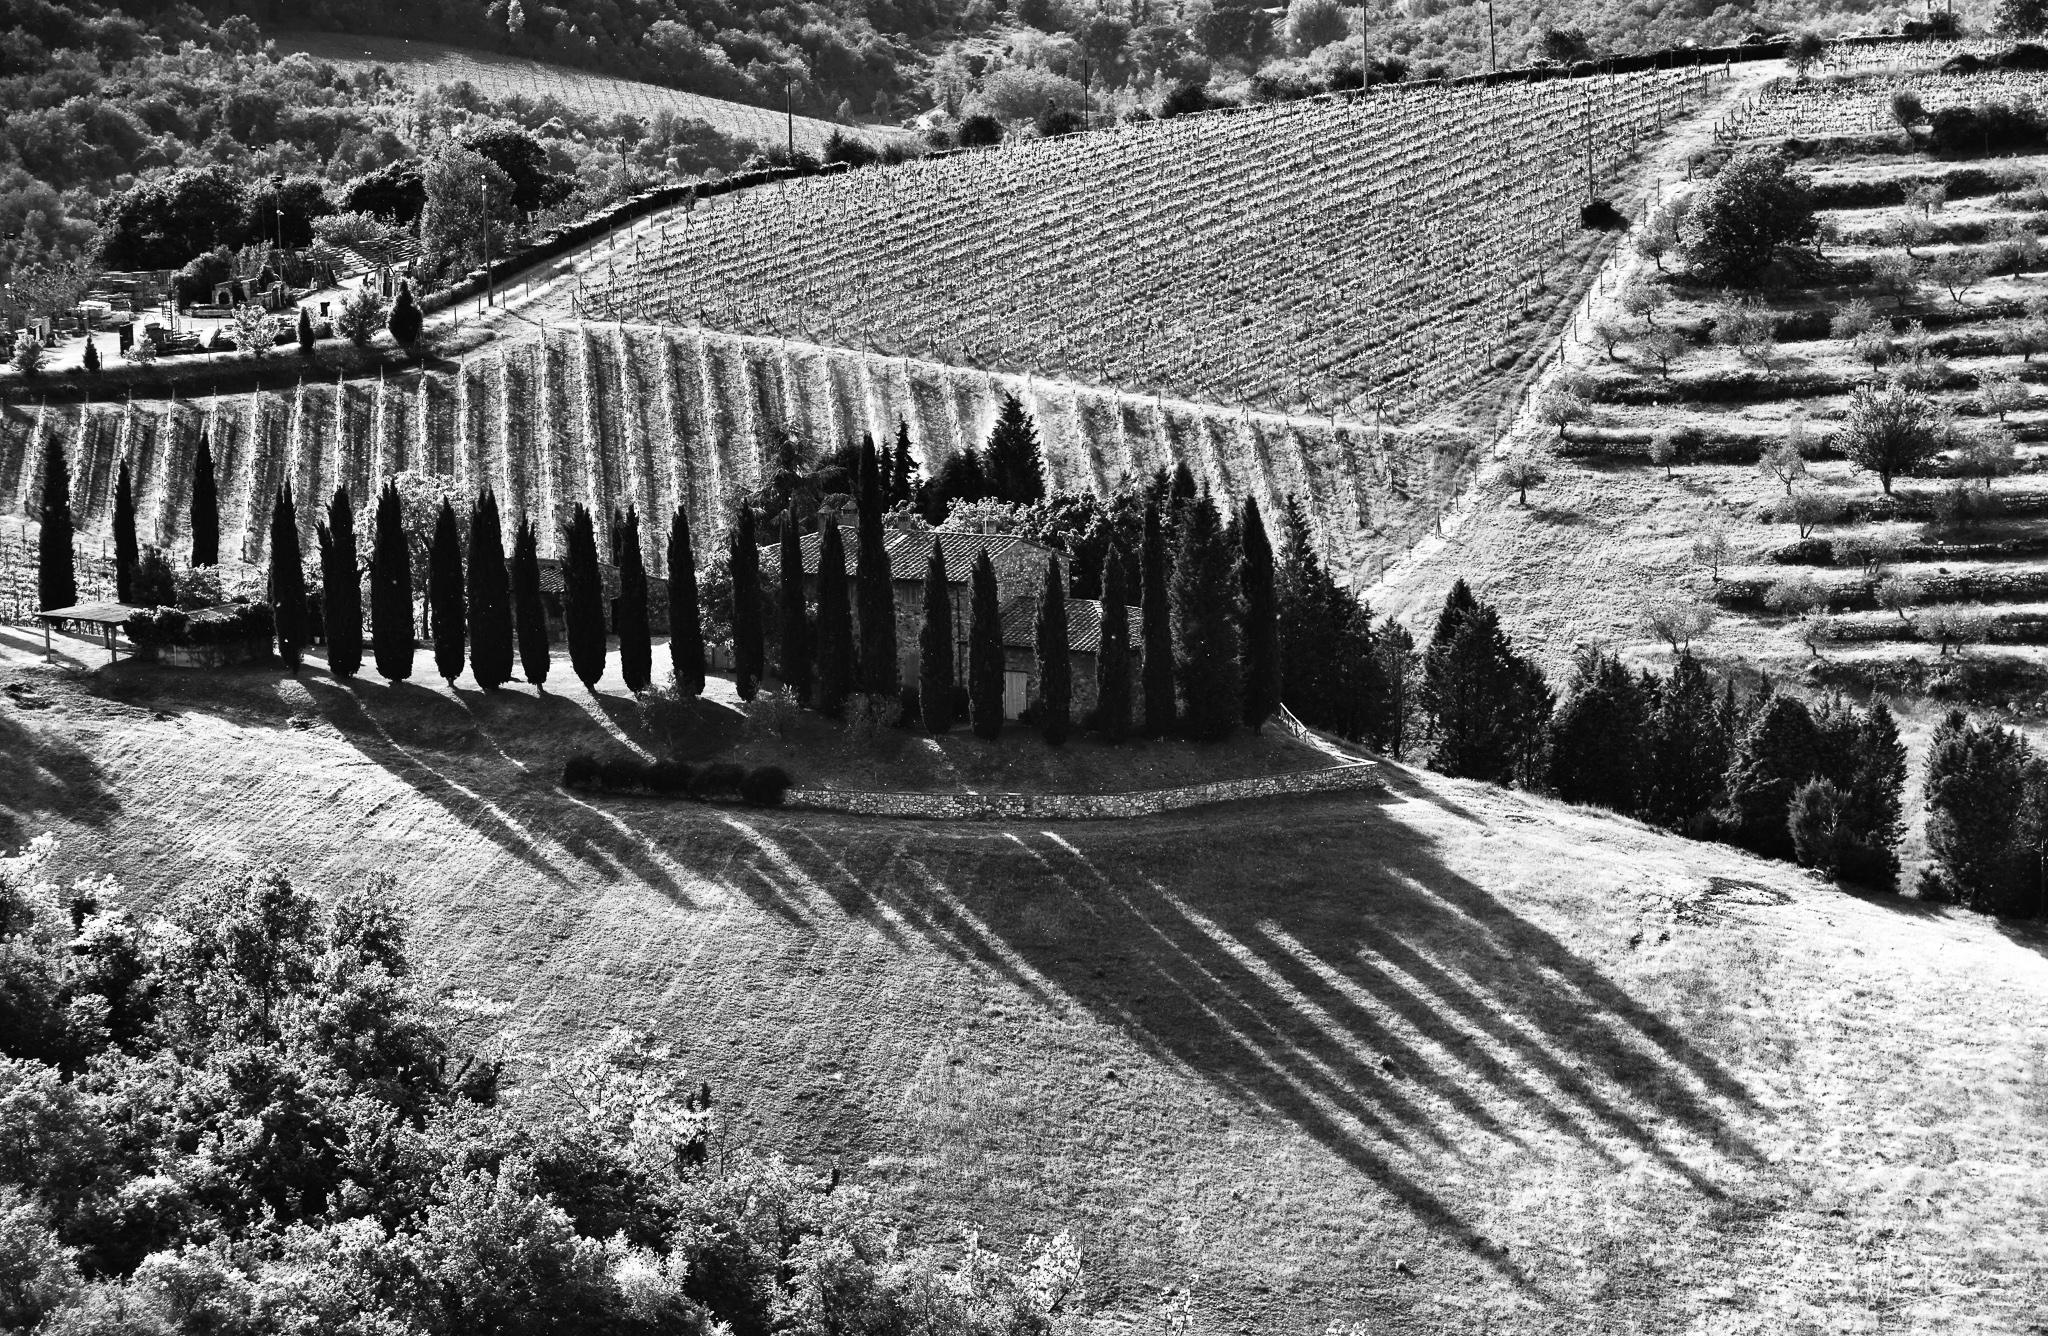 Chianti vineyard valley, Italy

*-*-*

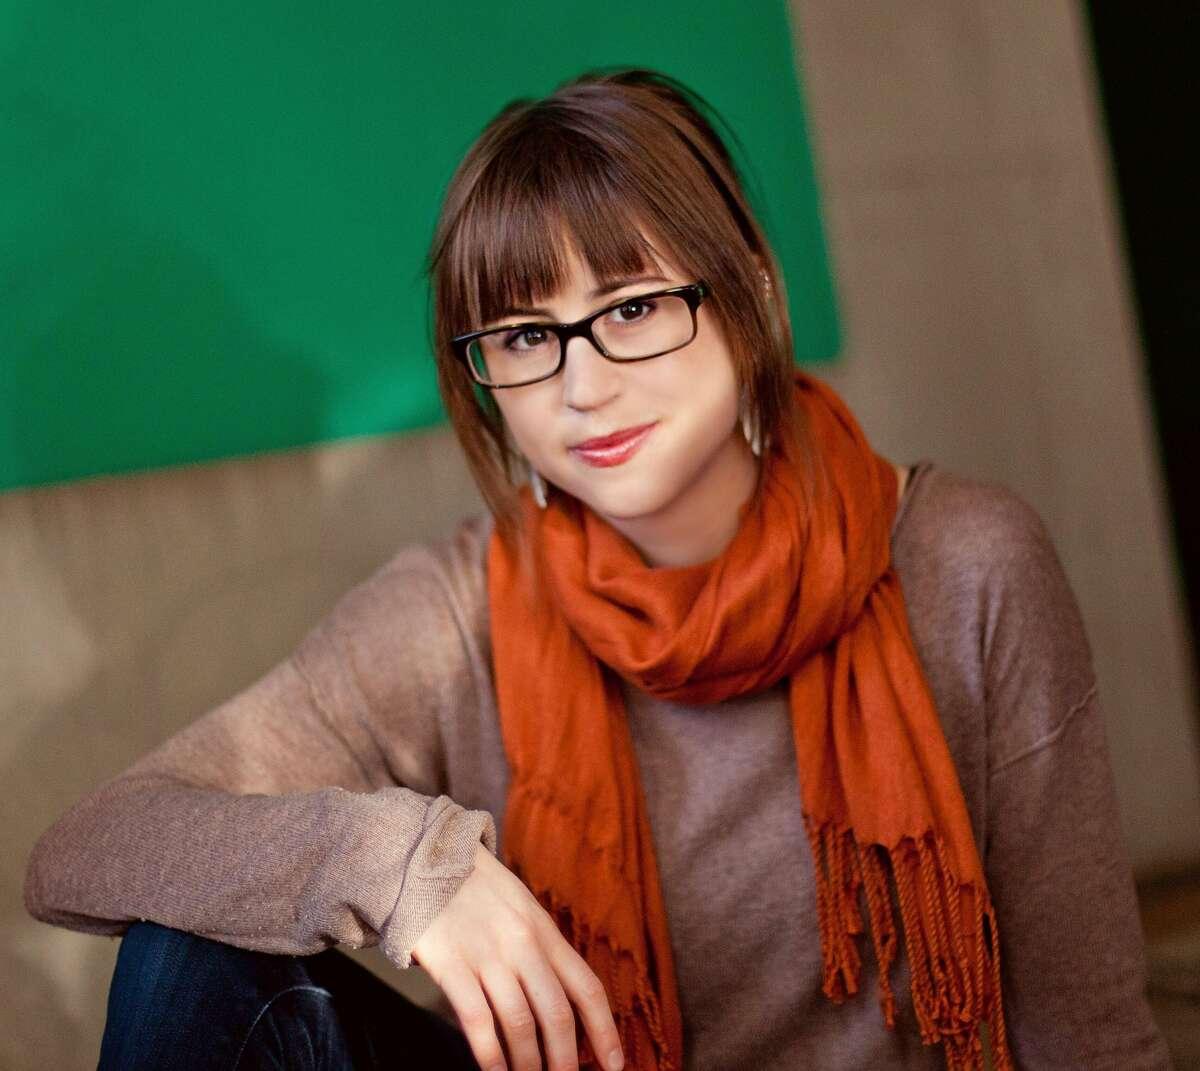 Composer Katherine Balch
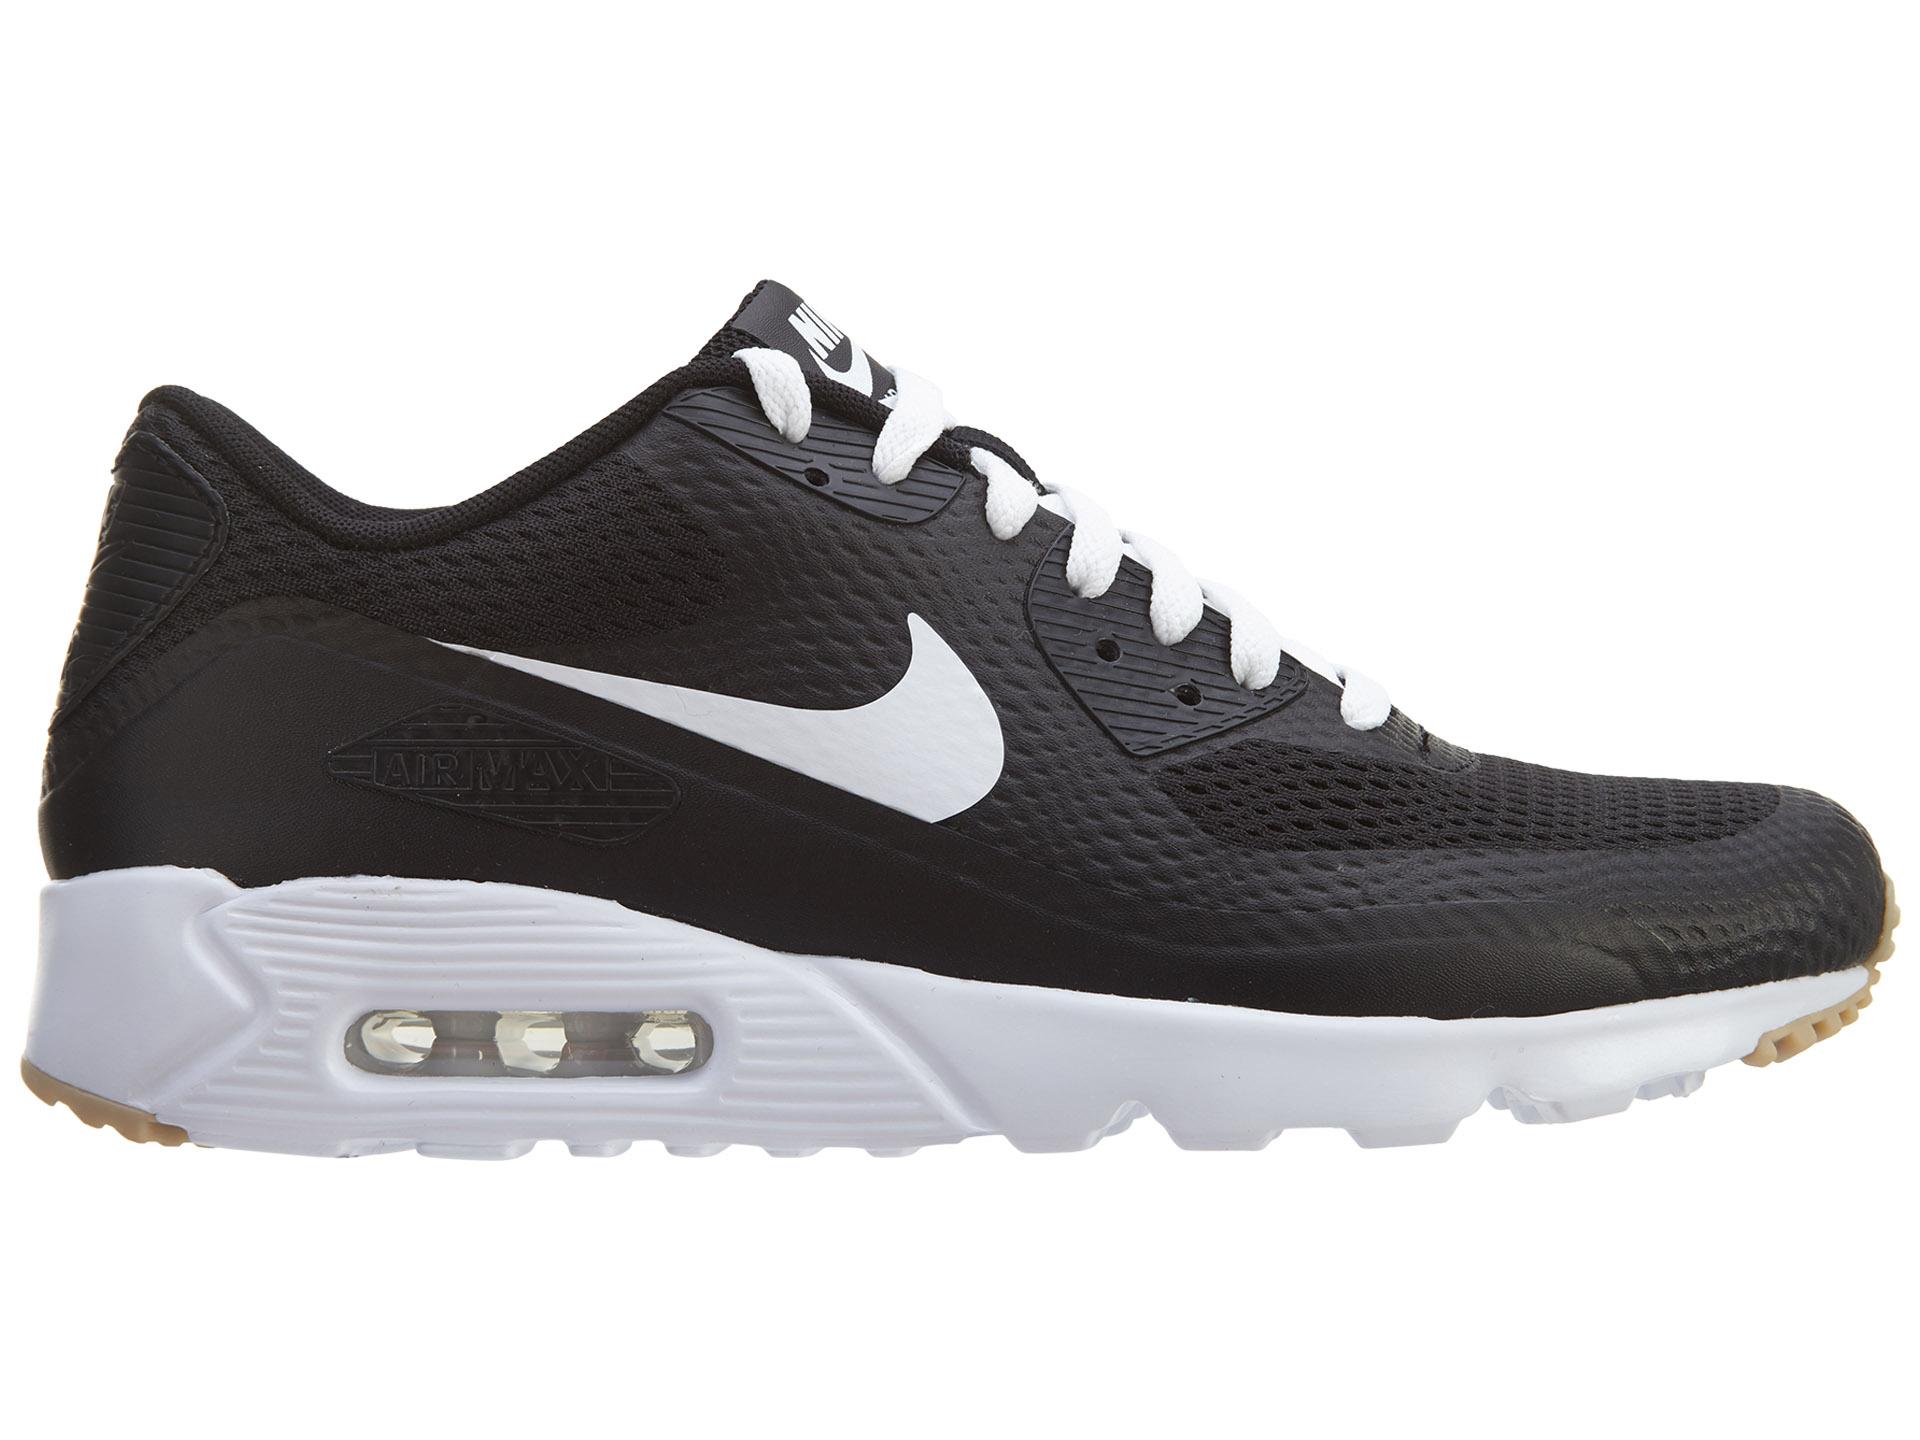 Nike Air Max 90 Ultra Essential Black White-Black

*-*-*

## Work instructions
Output exactly the lines above, beginning at the one with "Composer Katherine Balch" and stopping after the one with "Nike Air Max". Pictures are to be omitted.

## Reply to the exercise
 Composer Katherine Balch
 Nike Air Max 90 Ultra Essential Black White-Black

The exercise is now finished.